Logistics, staffing and security are all challenges presented by the new reform and are some reasons change has not been favored.

Whether it will be difficult to find inspectors to cover all the early voting hours is unknown, said Ms. Martin, noting she is more concerned about the BOE staff, which will have to work 18 days without a break—Monday, October 21 through November 8. Hopefully, she and Republican Commissioner Jason J. Nastke (who make up the BOE), will be able to find a way to vary the staff, she said.

Staff at the BOE consists of 3.5 full-time employees of each party: deputy commissioners, election specialists, machine specialists; plus two part-time election assistants and the two commissioners.

Ms. Martin said she and Commissioner Nastke have discussed and do not understand the real goal of early voting.

A governor’s press release says, “Enacting early voting will make voting more convenient for voters whose professional or family obligations make it difficult to physically get to the polls, as well as reduce waiting times and ease logistical burdens for poll workers.”

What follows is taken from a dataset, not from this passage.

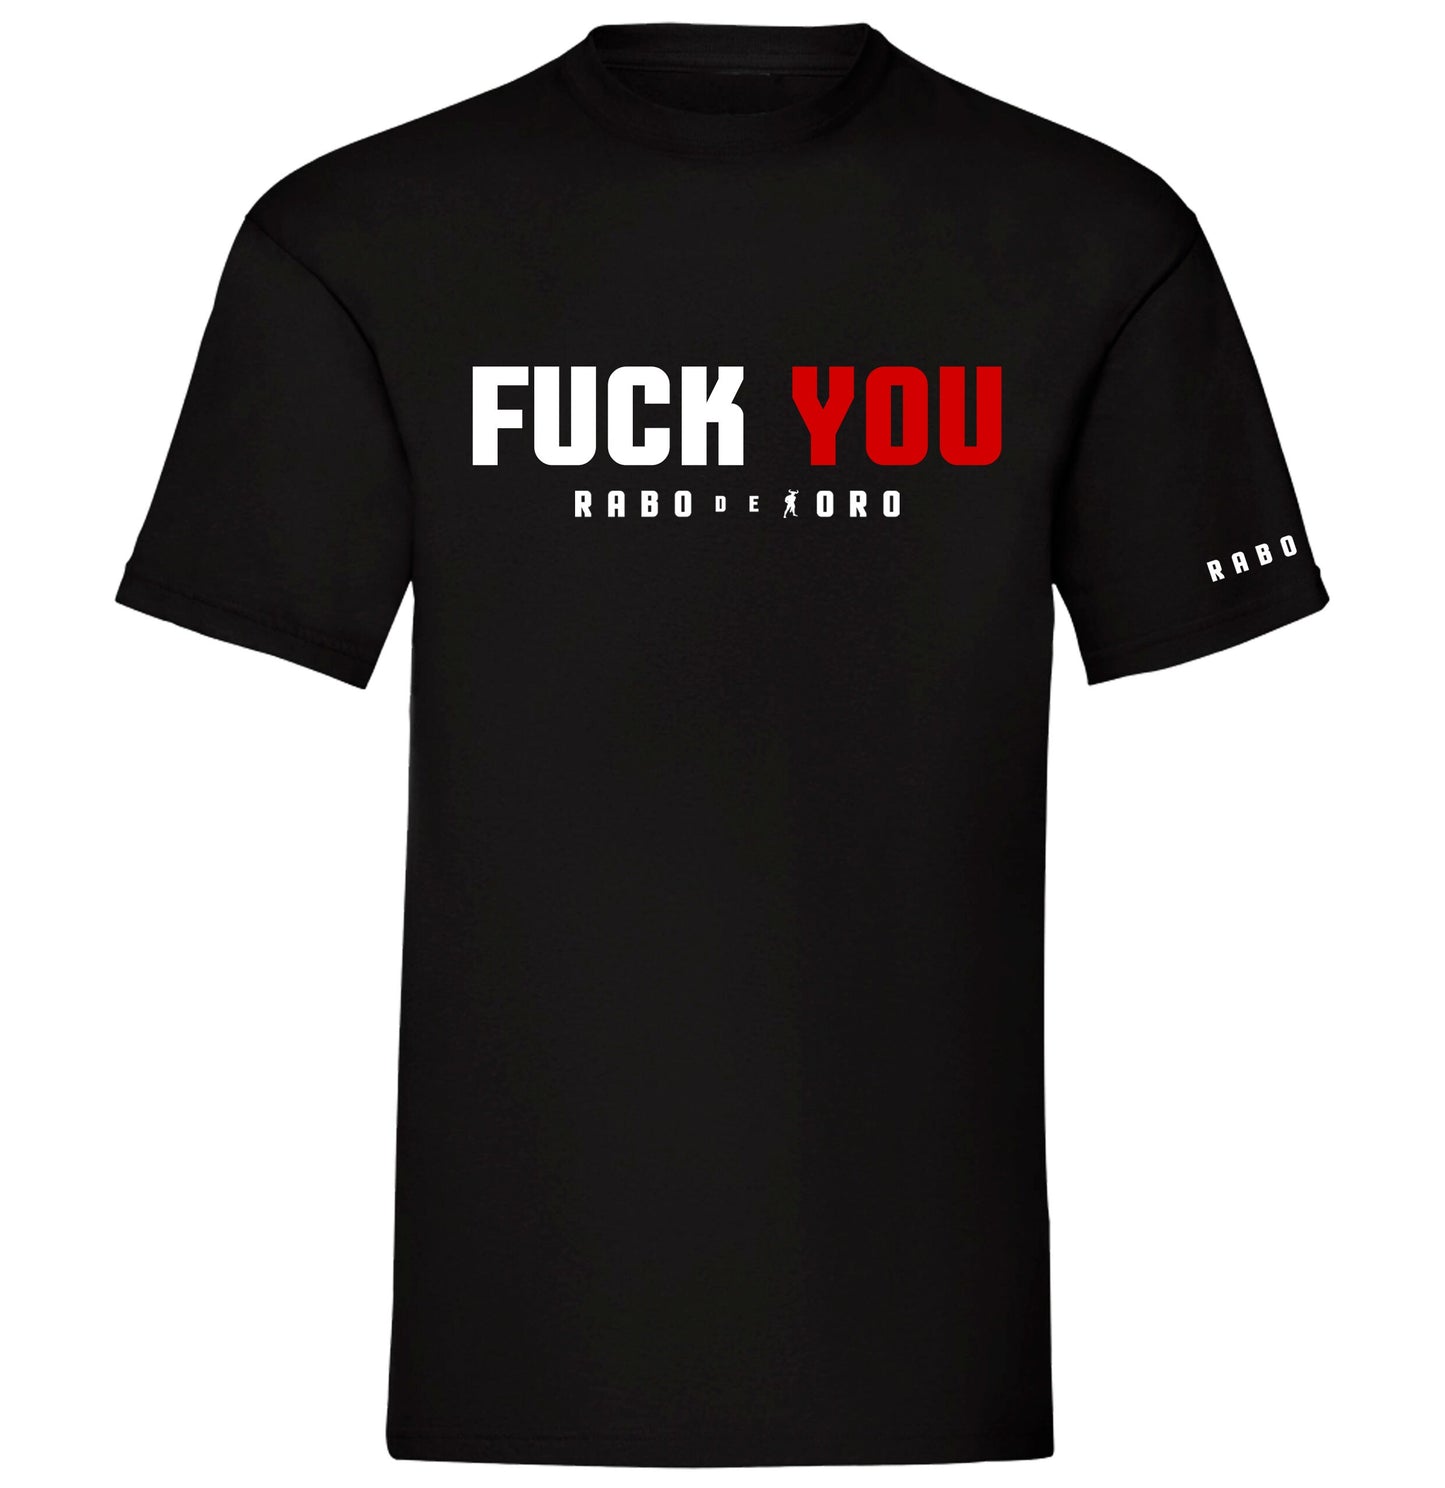 FUCK YOU/ME Double Sided Black T-Shirt with White & Red details

While it’s supposed to make voting easier and increase turnout, Ms. Martin said she has not found any data that supports that. She said sometimes early voting even decreases voter turnout, but mostly it just spreads out the same number of voters over a 10-day period. “It’s resource intensive and work expensive” without a clear benefit, she said.

Early voting will also complicate how poll books are produced, said Ms. Martin. Poll books sent to the poll sites on election day must reflect which voters have already voted. Vendors of electronic poll books will likely benefit, she said, but such poll books are not used in Columbia County and have been known to introduce their own problems.

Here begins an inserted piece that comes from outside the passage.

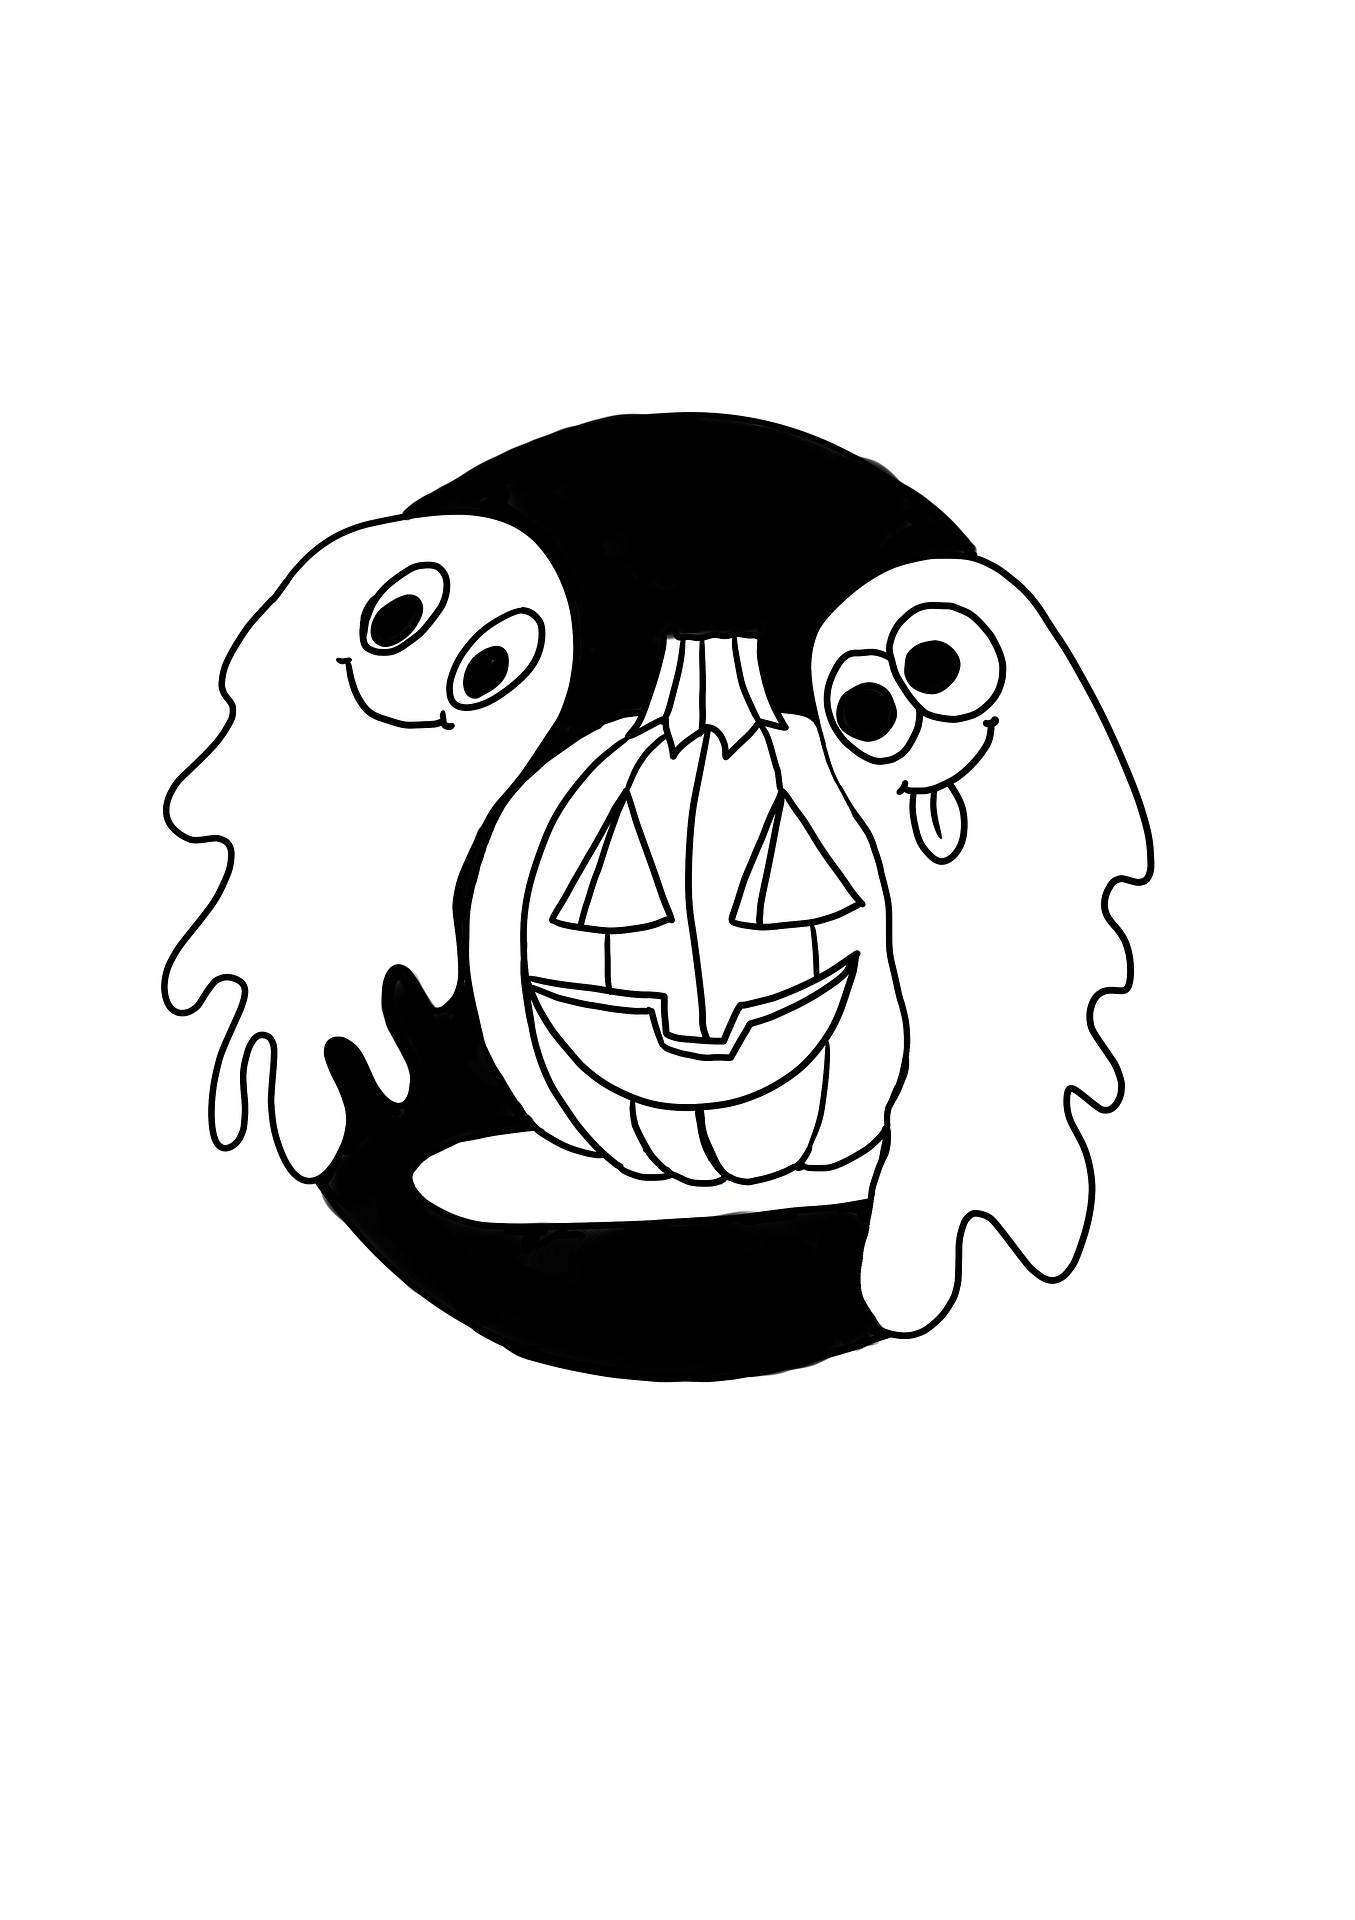 Halloween ghost colouring page

Another challenge will involve programming the voting machine at the early voting poll site to accept all 50 different ballots from the county’s 50 election districts. But, she said, there are always issues when phasing in something new.

Another aspect of voting is a reform that “closes the LLC loophole by limiting political spending by a limited liability company (LLC) to a total of $5,000 annually, which is the same limit corporations face. The bill will also require the disclosure of direct and indirect membership interests in the LLC making a contribution, and for the contribution to be attributed to that individual,” says the governor’s release.

Ms. Martin said the loophole closure is “a very good thing,” as is the universal transfer of registration. Previously when New Yorkers moved to a different county, their voter registration did not move with them, requiring voters to re-register with their new local board of elections as if he or she were registering for this first time. This will ensure that when a voter moves elsewhere in the state, his or her voter registration will seamlessly go with them. Many voters who moved became disenfranchised by having to re-register, she said.

Still another part of the new law allows 16 and 17-year-olds to pre-register to vote, meaning that a voter will automatically be registered on his or her 18th birthday. Ms. Martin noted that the BOE has been pre-registering 17-year-olds to vote all along.

Not yet enacted in the new voting law is a section on a change in absentee voting, which would allow absentee voting with “no excuse.” Currently, voters who seek an absentee ballot most frequently use the excuse that they may not be in the county during the times the polls are open, said Ms. Martin. Voters can apply and get an absentee ballot by mail up to the week before the vote or go to the BOE and vote by absentee ballot up to the day before the election. In the November 2018 election more than 4,100 absentee ballots were mailed out. Of those, more than 3,600 were returned and counted. “It is possible that early voting may cut down on absentee voting,” she noted.